As fenics is C++, I would say that it will always be faster than sfepy :) I think that the "slow" in that context meant that the nonlinearity solution converges slowly.
Okie :)
Other Implementations:
- Parallel Spectral Numerical Methods/The Two- and Three-Dimensional Navier-Stokes Equations - http://en.wikibooks.org/wiki/Parallel_Spectral_Numerical_Methods/The_Two-_an... ree-Dimensional_Navier-Stokes_Equations
- 2D Navier-Stokes solver implemented as a Python package with Python modules and C++ extension modules. It uses the finite difference method on a uniform, rectangular grid. It handles single- and two-phase incompressible, Newtonian, laminar flow with obstacles. -https://code.google.com/p/kmkns/
There is a thesis to download - might be interesting.

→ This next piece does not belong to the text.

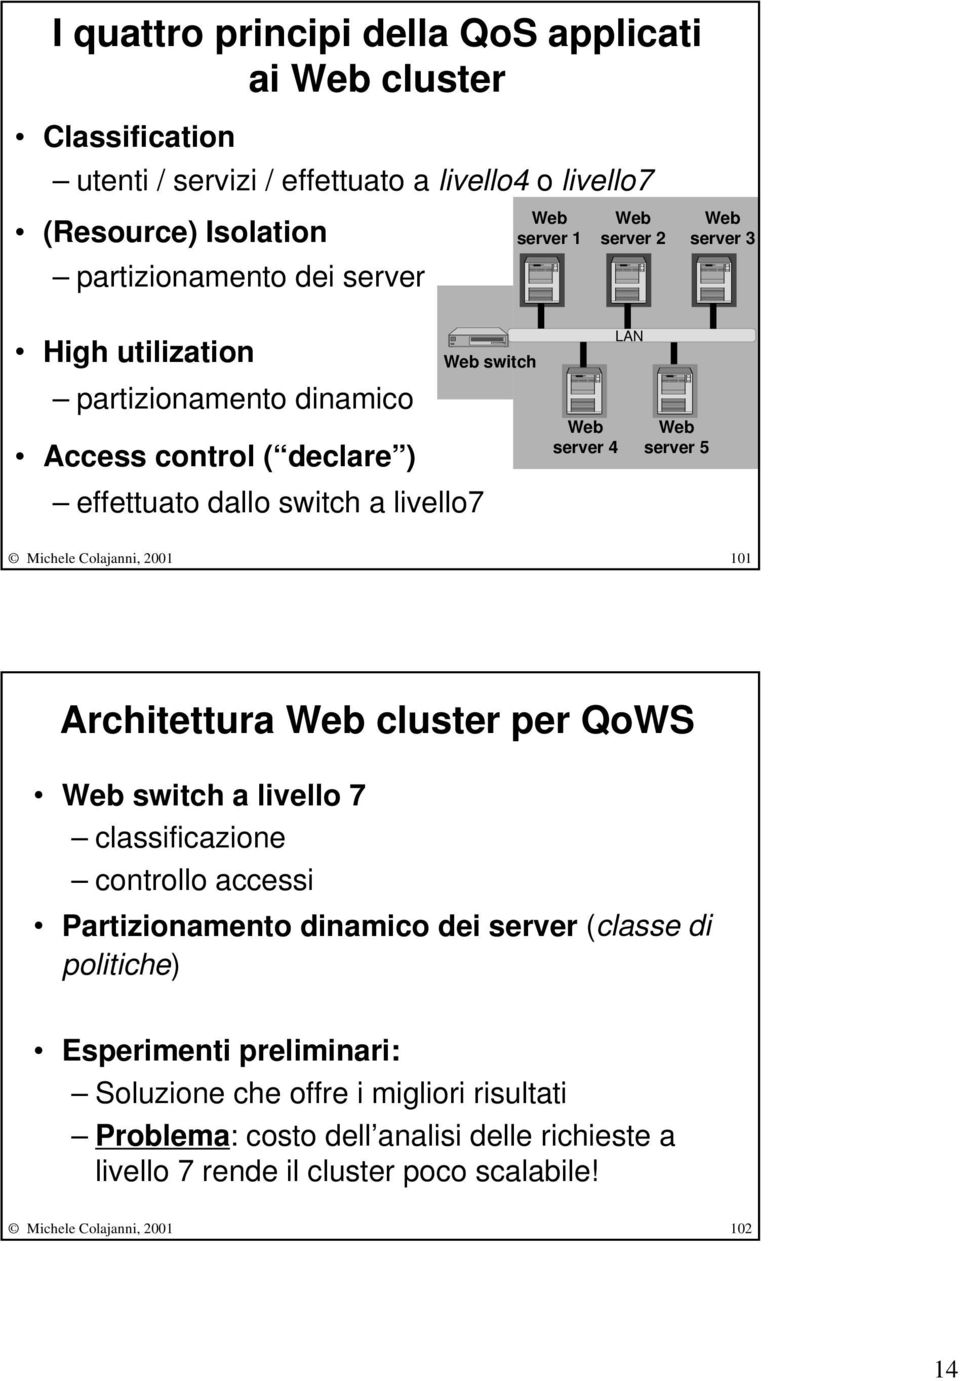 Michele Colajanni, 2001 101 Architettura Web cluster per QoWS Web switch a livello 7 classificazione controllo accessi Partizionamento dinamico dei server (classe di politiche)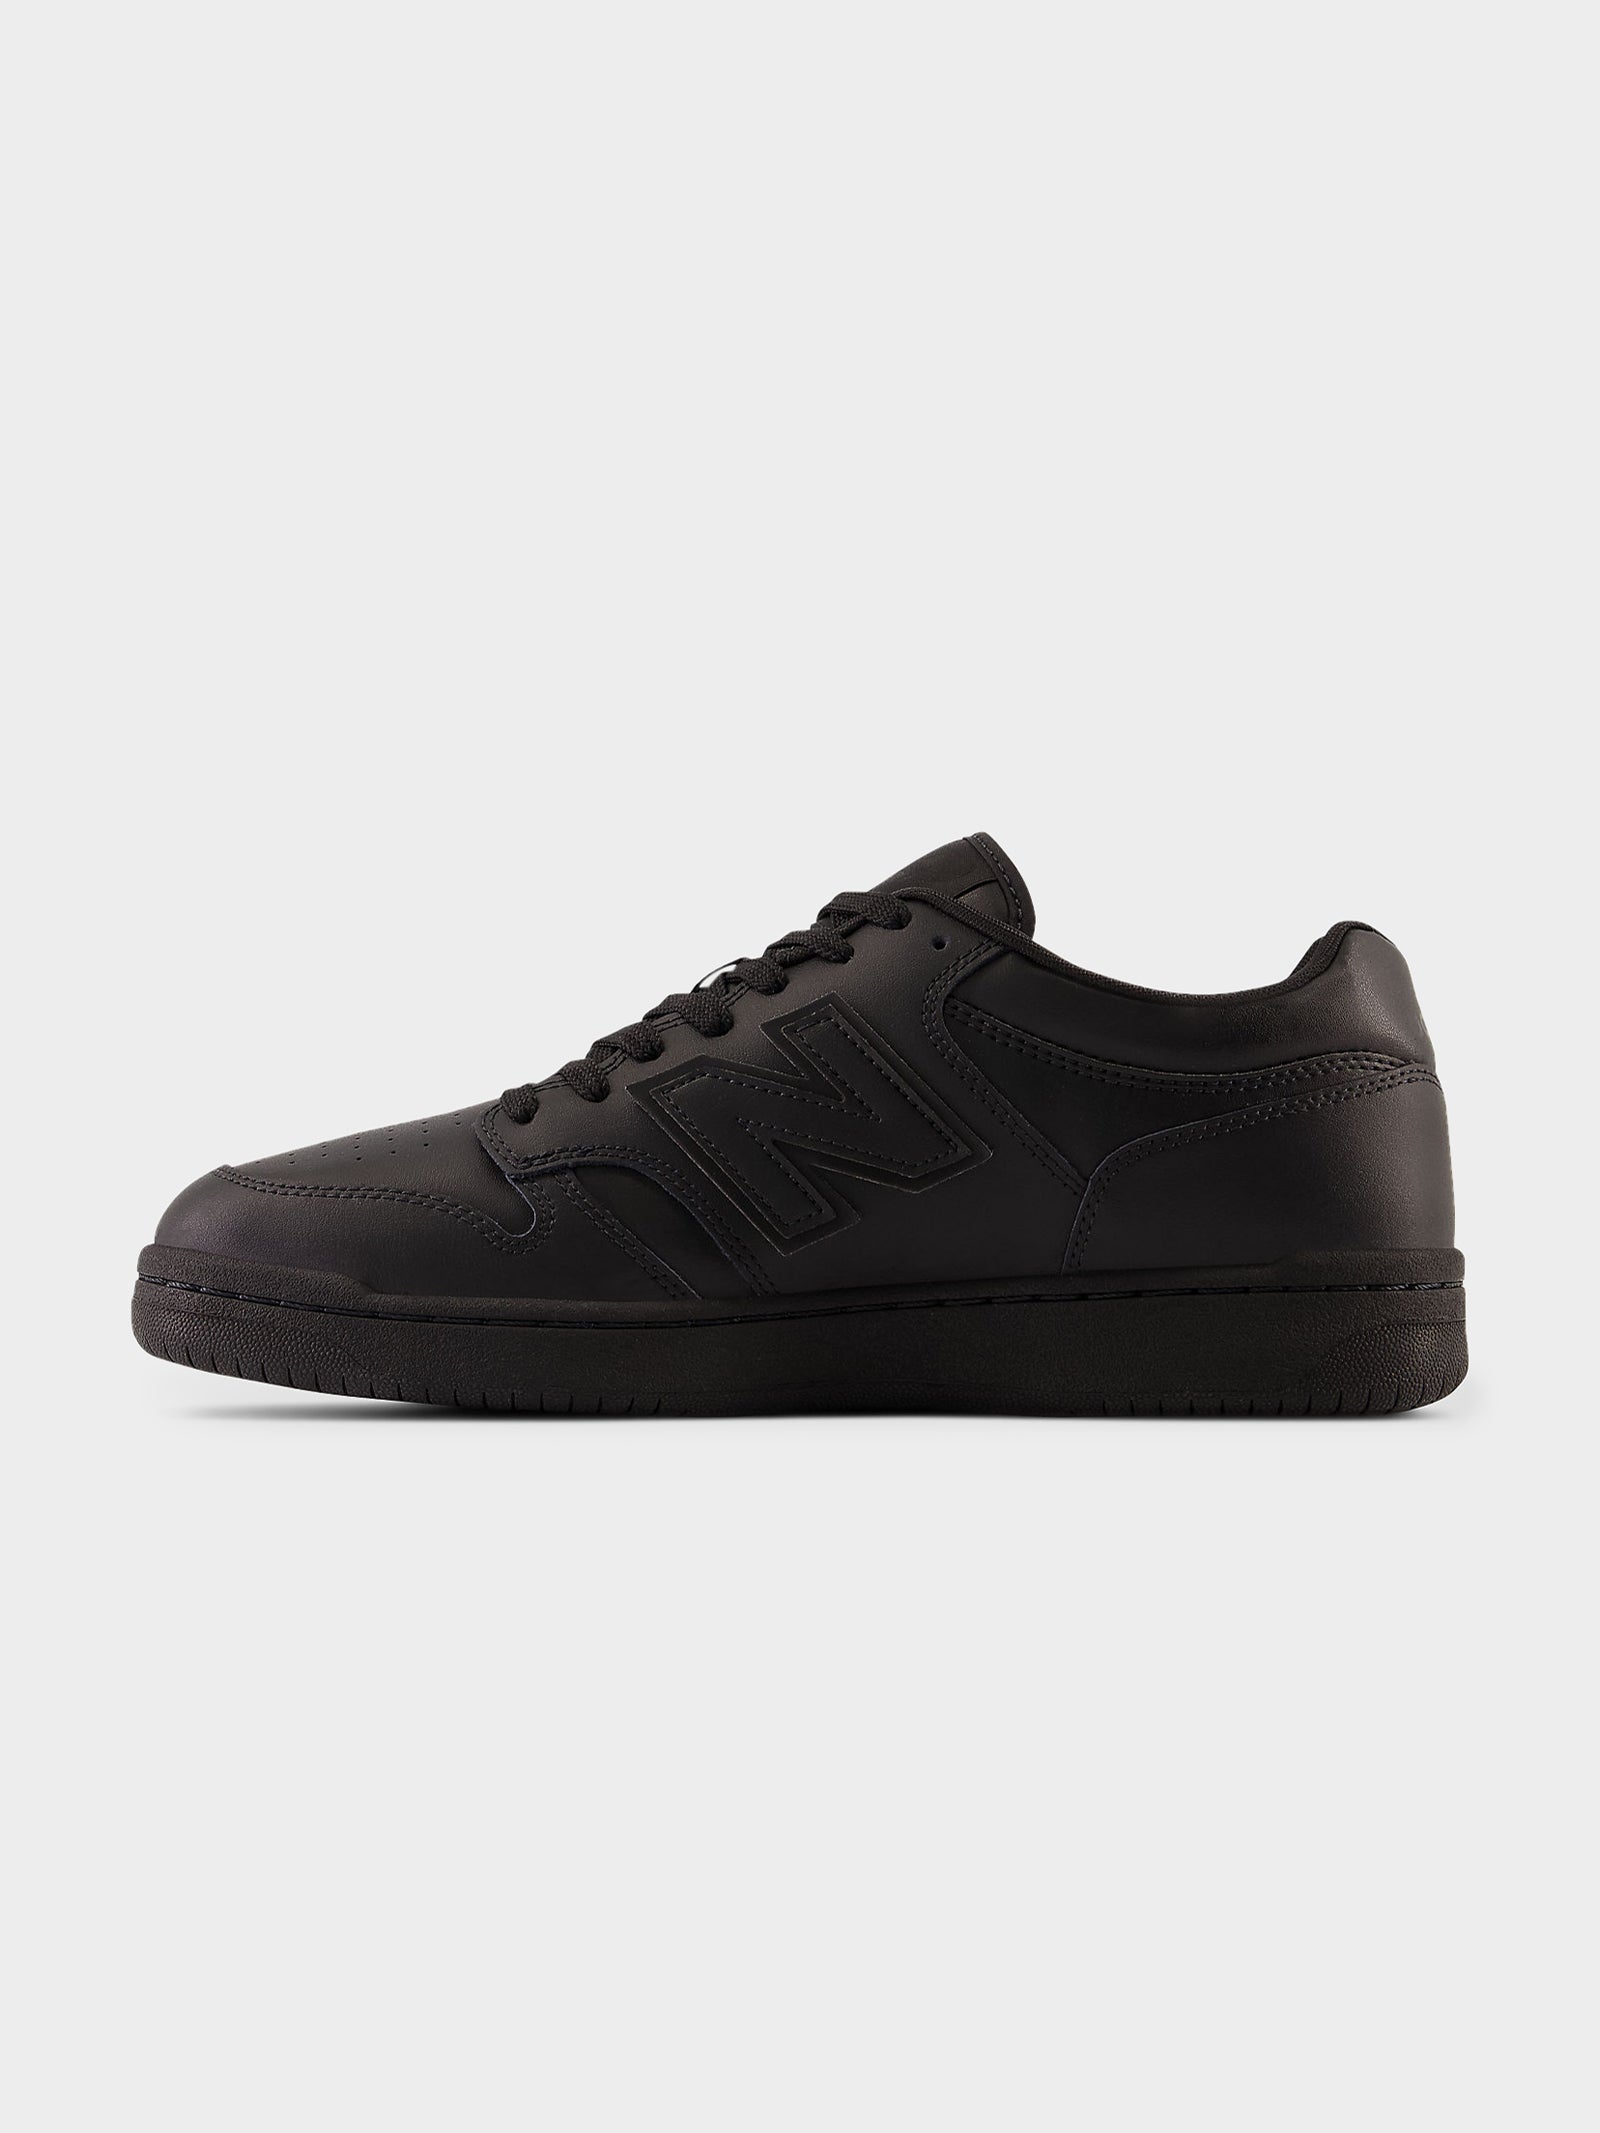 Unisex 480 Sneakers in Black

Yes, but it is using Difference method.
- Finite Volume Based - http://www.ctcms.nist.gov/fipy/ Here is a list of Open Source CFD codes. Maybe we can fork a repo and use it or learn from it: http://www.cfd-online.com/Wiki/Codes
I think it would be easier to follow a paper/thesis, as details in code often differ. But you can try, yes. Note that sfepy is BSD-licensed, so we cannot use snippets/functions from GPL-licensed codes.
So we can use any code with BSD license. right?
According to people iNavier and dolphyn are promising: http://www.cfd-online.com/Forums/main/13529-colver-code-c-c.html
Someone was using PyAMG to develop Jacobian-Free Newton-Krylov code to solve the Navier Stokes equations : https://groups.google.com/forum/#!topic/pyamg-user/HXrXTyvXPpw
This could be really interesting - maybe you could ask the person on how far that project got?
i had already dropped a mail on her email-id. Waiting for her reply.
This is everything I could harness till now. I hope something useful comes out of these. Also I am currently narrowing down and rigorously searching a way to implementing SIMPLE in the FE context.
Ok, thanks!
r.
So, it looks there are lot of things I need to look in depth now.